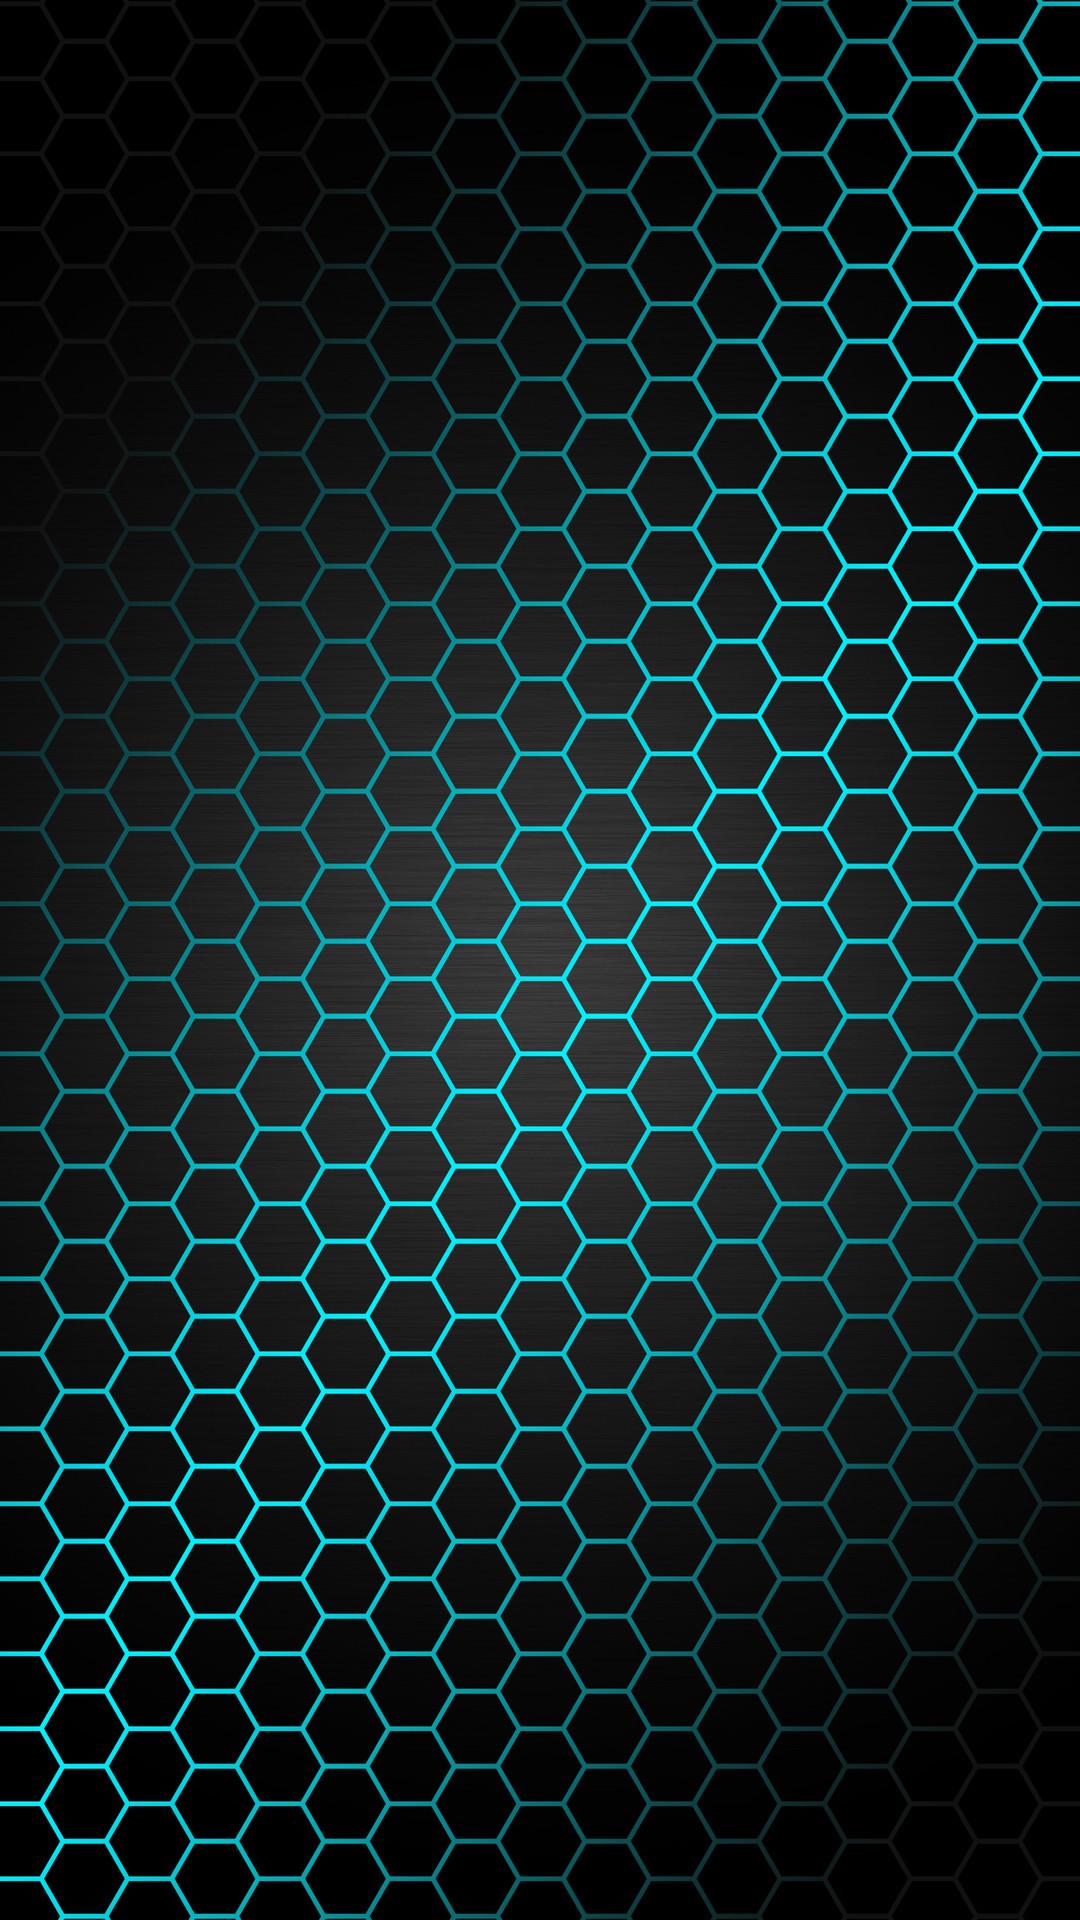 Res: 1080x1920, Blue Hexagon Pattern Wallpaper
---
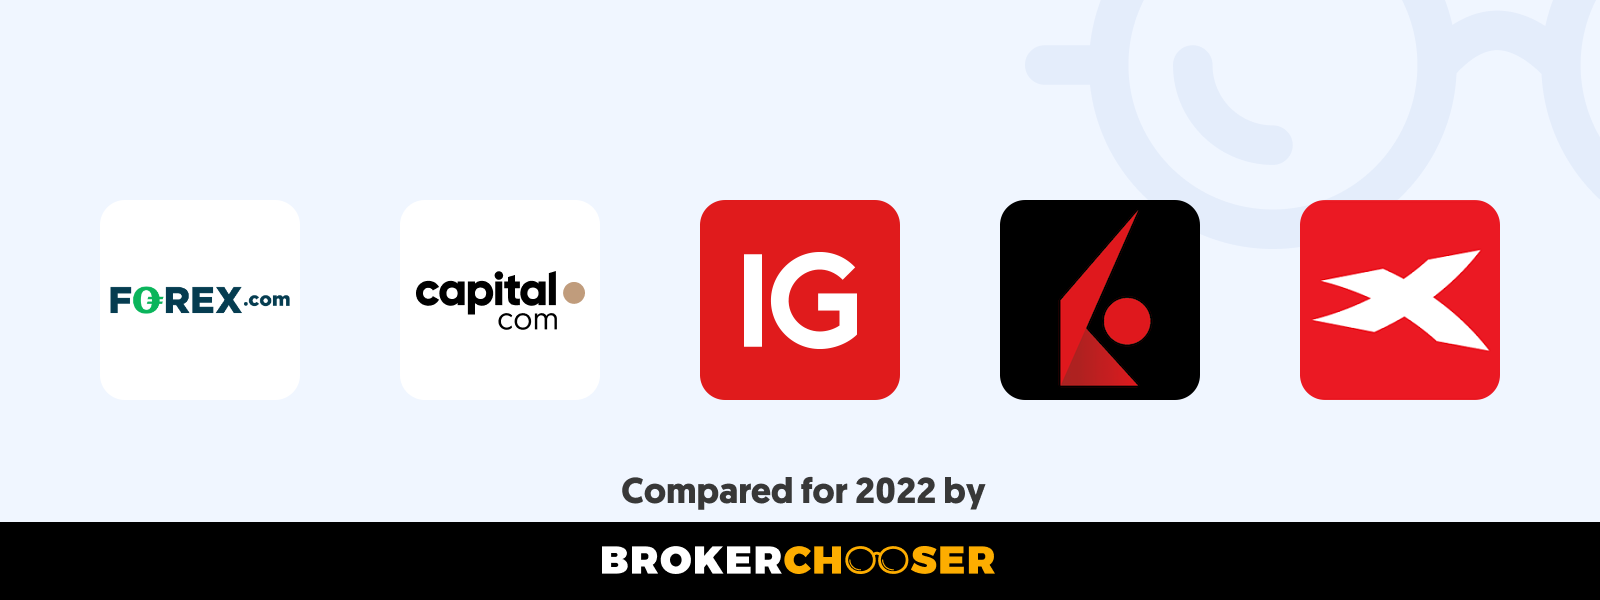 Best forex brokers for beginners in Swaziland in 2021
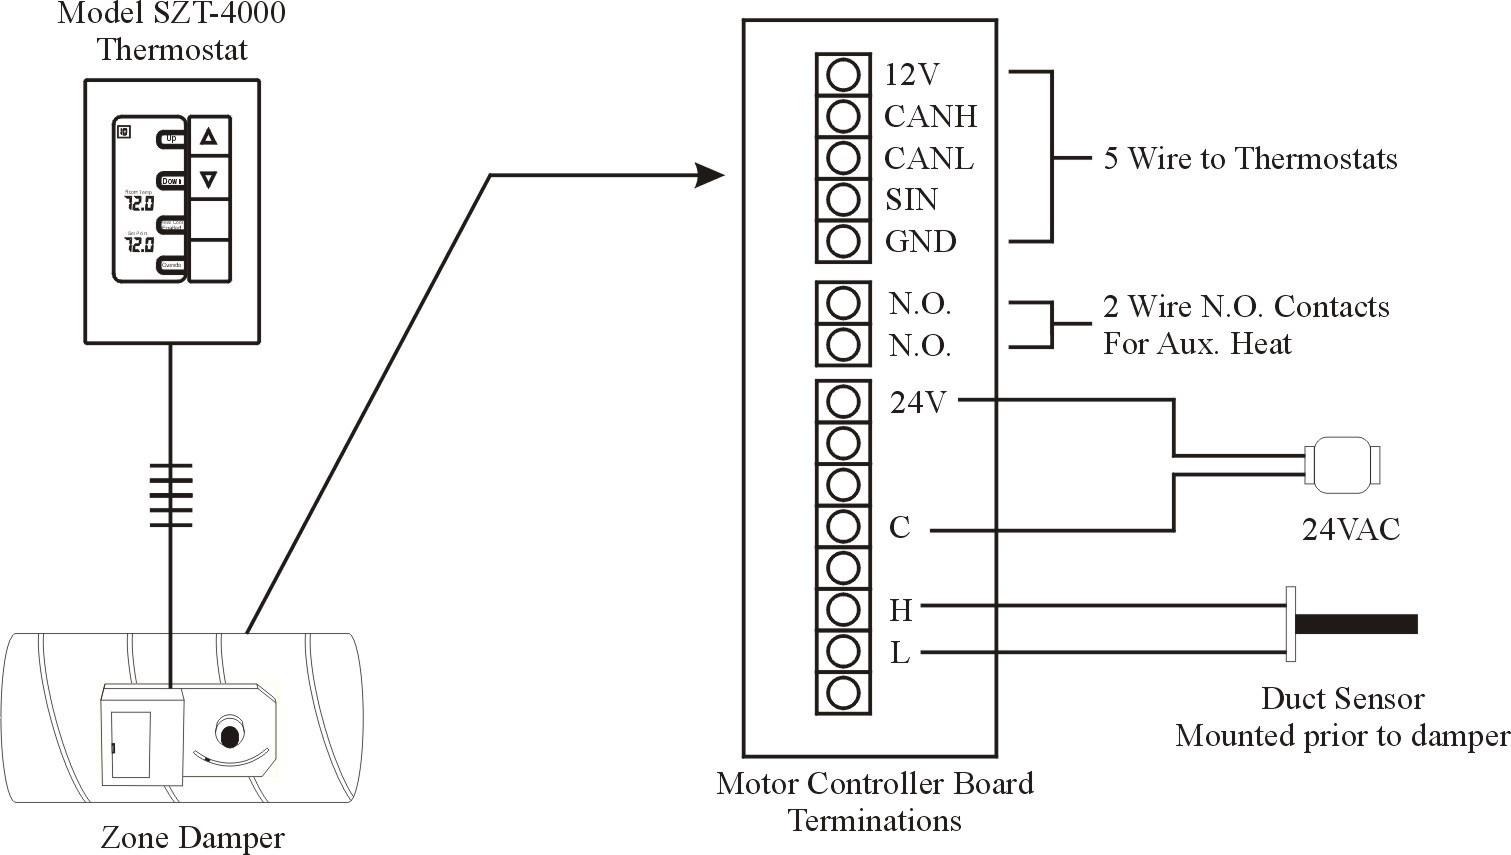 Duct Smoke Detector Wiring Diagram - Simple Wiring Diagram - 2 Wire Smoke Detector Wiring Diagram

Brief: Taking the material above, give again exactly the lines from the one holding "Best forex brokers" through the one holding "Duct Smoke Detector", with both ends and without pictures.

Answer for this exercise:
 Best forex brokers for beginners in Swaziland in 2021
 Duct Smoke Detector Wiring Diagram - Simple Wiring Diagram - 2 Wire Smoke Detector Wiring Diagram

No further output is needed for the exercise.